Load-Strengthening a Mechanochromic Polymer

Load-Strengthening a Mechanochromic Polymer

Author: Angewandte Chemie International Edition

Mechanical load degrades both living tissue and synthetic polymers. However, usually only living tissue senses such damage and triggers a repair. Polymer mechanochemistry aims to, e.g., design polymers with a similar repair capacity. Mechanochromic polymers change color when distorted, whereas load-strengthening polymers become tougher under mechanical load. A material that achieves both effects requires new approaches.

Wengui Weng, Xiamen University, China, Roman Boulatov, University of Liverpool, UK, and colleagues have developed a polymer that turns green when stressed and toughens up when stress is increased to a point where macroscopic failure becomes likely.
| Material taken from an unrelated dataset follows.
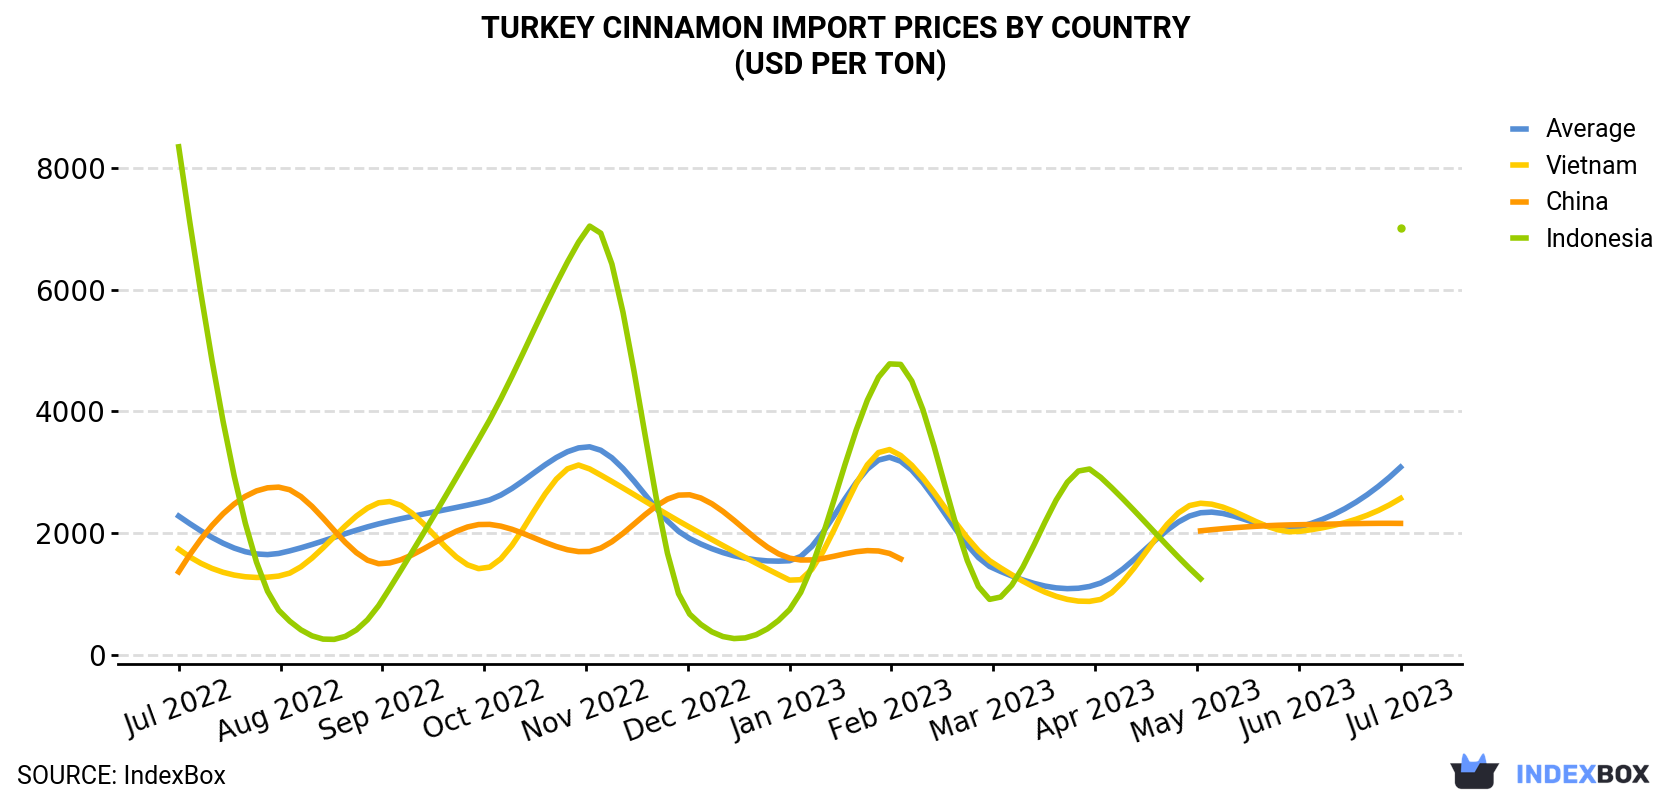 Turkey Cinnamon Import Prices By Country (USD Per Ton)

The material combines two polymer chains, with each comb-line chain carrying either multiple spiropyrans or anthracene/maleimide adducts (pictured below). Three different reactions enable a stress response: one is responsible for the appearance of color, another strengthens the material by forming new covalent bonds between polymer chains, and the third determines at what mechanical load the material starts to strengthen.

Spirothiopyran (STP, pictured in yellow) is in equilibrium with a green merocyanine form (TMC, pictured in green). TMC can react spontaneously with C=C bonds in maleimide (MAL, pictured in orange) to form crosslinks. The MAL unit can be masked as a mechanochemically labile adduct with anthracene (ATC, pictured in blue), which allows the researchers to tune the force required for fast crosslinking and toughening.